Telemetry

Telemetry Features

Telemetry is a complete performance visualization system designed to help your entire team understand and optimize your software. Instead of just focusing on the low level aspects of a single frame or even scope of execution, Telemetry shows you everything that's going on, over the duration of the lifetime of your application, so that you can fix intermittent performance problems (hitches and spikes). Get the whole team involved—optimization isn't just for programmers anymore! Graph data and see how it corresponds to performance—now when there's a spike in frame time your content authors can look at the plots and see what may have triggered performance problems.


Smooth Visualization

The Telemetry 3 visualizer can handle tons of data with ease. The visualizer is just as smooth and interactive with 1 million zones or 100 million zones.


Real-Time Analysis

Telemetry 3 vividly displays profiling information while your program is running. The moment you sense a performance dip, Telemetry can show you where the time went!


Locks and Contention

Managing locks is a complex task. With Telemetry, you can easily see which threads are holding locks, and which threads are waiting on locks. Mousing over a "wait" zone will flash the thread holding the lock and causing the stall. The Telemetry Visualizer makes lock contention very clear, so engineers can focus on solutions that will actually make a difference.


Capture Context Switches

Multi-core programming is complicated, but Telemetry helps reveal what's happening on every core. With context switch tracking, it's easy to see when your threads are (or are not) running. See when your threads are jumping from one core to another. See when another process is stealing cycles.


Full Text Search

Telemetry 3 features full text search to find that needle in the haystack. Isolate your search by thread. Sort results by duration. It makes it trivial to do things like find the longest zone with "shadow" in the name on the render thread.


Plots

Plots are values over time, and they can be viewed in the Plot View or as independent tracks in the Timeline View. Plots are useful for spotting trends in your program (e.g. how much memory is used, how many triangles are visible, etc.).


Profile to a Local Machine or Network Server

Telemetry uses a client-server architecture—your program sends data to a server that is responsible for storing and processing the profile data. Of course, that server can be run on your own machine, but it can also be run on a separate machine depending on your needs.


How it Works

All this is accomplished by instrumenting your application with markup that defines zones of execution (for example, function calls), memory events, thread names and so on. The markup is simple, easy to integrate, and goes away by defining NTELEMETRY=1 and recompiling.
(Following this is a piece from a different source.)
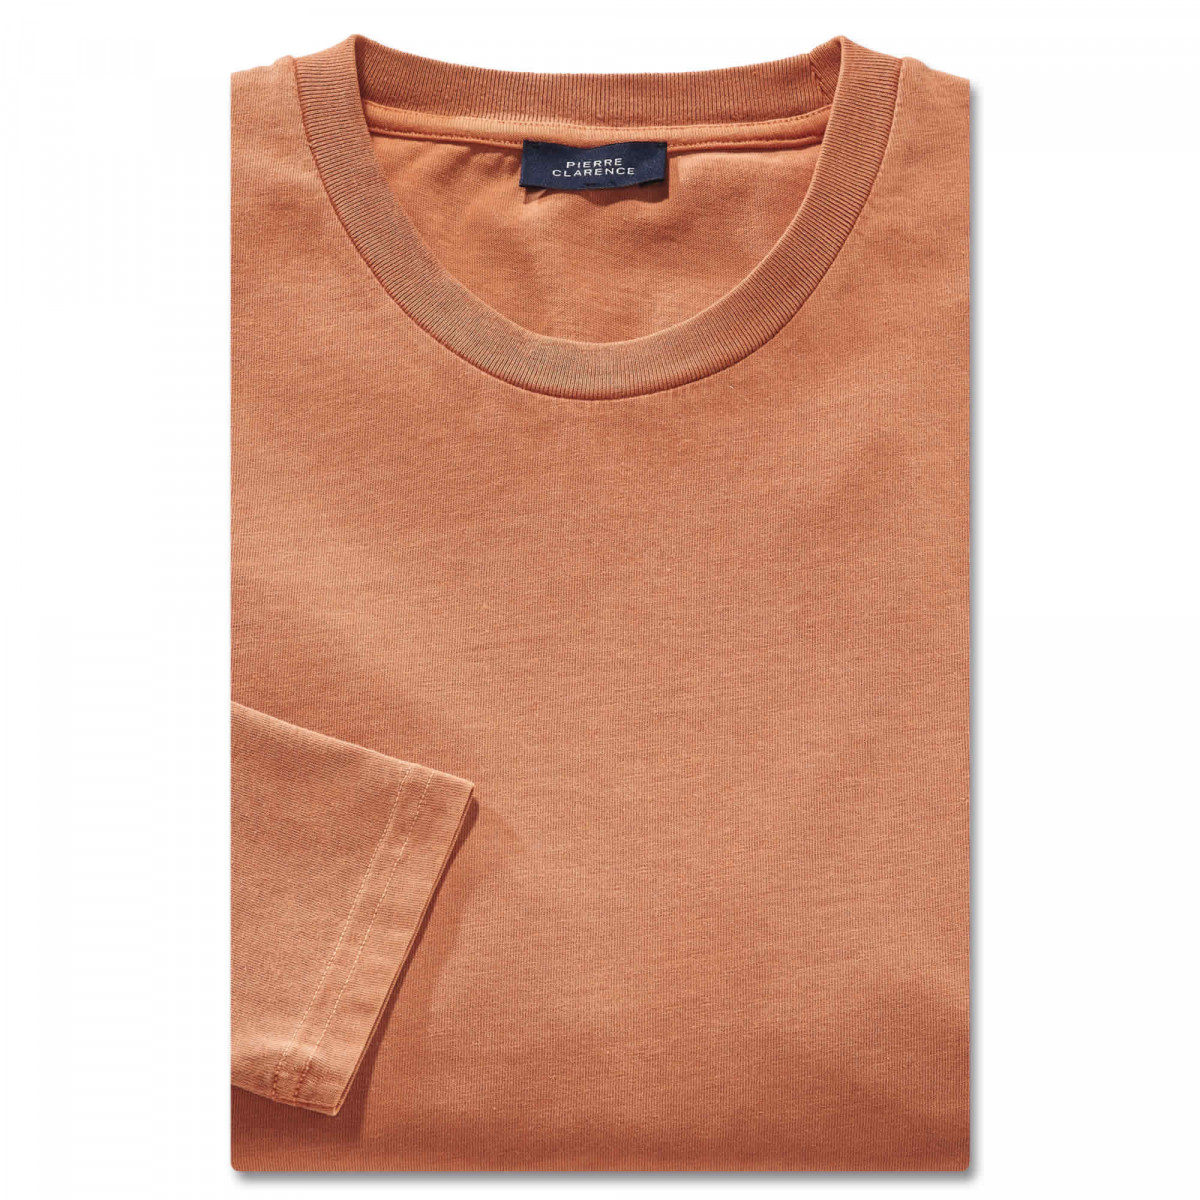 Tee-shirt coton 104/108 (L) Orange
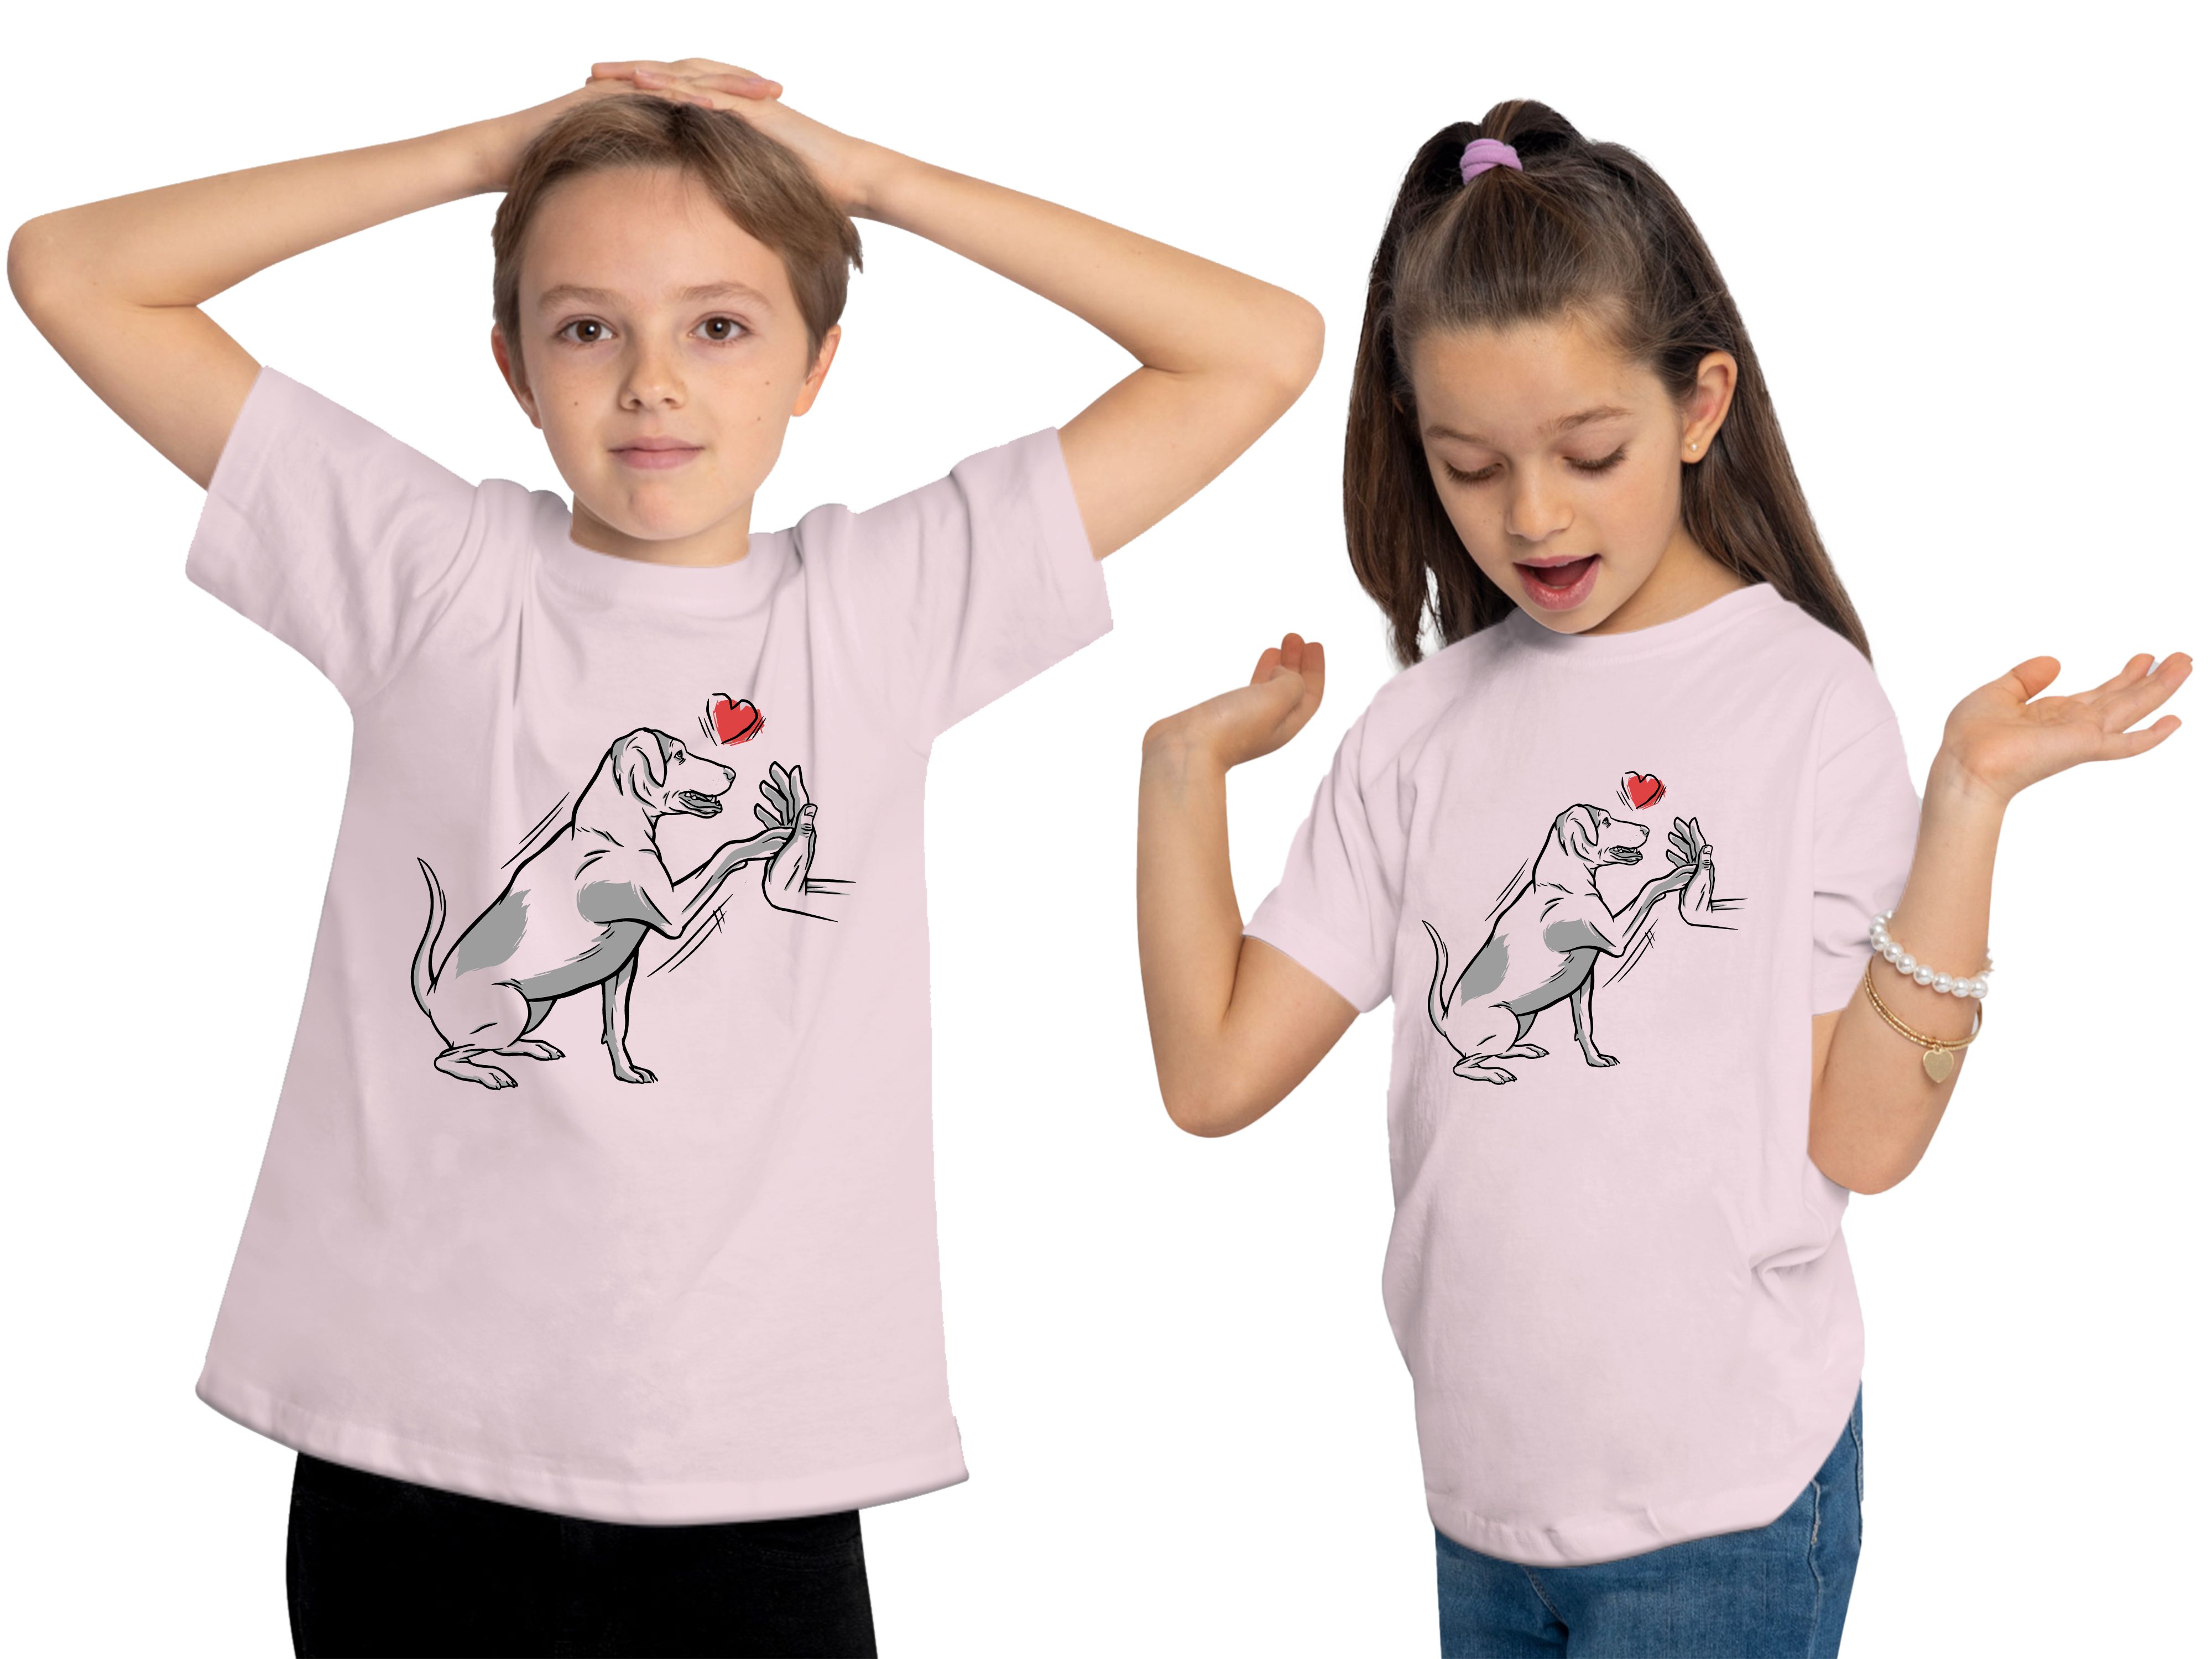 MyDesign24 Print-Shirt Kinder Hunde rosa Aufdruck, Labrador bedruckt - Pfötchen i234 gibt T-Shirt mit Baumwollshirt

Once your program is instrumented, you just run it and start capturing data. You can review this data in real-time or save it and look at it later.

Telemetry's overhead is minimal and predictable. We use only the memory you give us—we don't do any memory allocation ourselves—and the performance overhead is proportional to the amount of data generated.

Telemetry is focused on ease of use, ease of integration,and minimal impact on run-time performance and memory usage.

System Requirements

Telemetry has run-time support for Microsoft Windows, XBOX 360, and XBOX One; Sony PS3, PS4 and PS Vita; Nintendo Switch and Wii-U; Apple MacOS and iOS; Google Android; Google Stadia; Linux (x86, x64, and ARM); and QNX (x86 and ARM), with more on the way! The 64-bit Visualizer and command line server are available for Windows, Apple MacOS X, and Linux (x64). If you are capturing and analyzing on the same system that is running your application, we highly recommend a quad core system with plenty of RAM.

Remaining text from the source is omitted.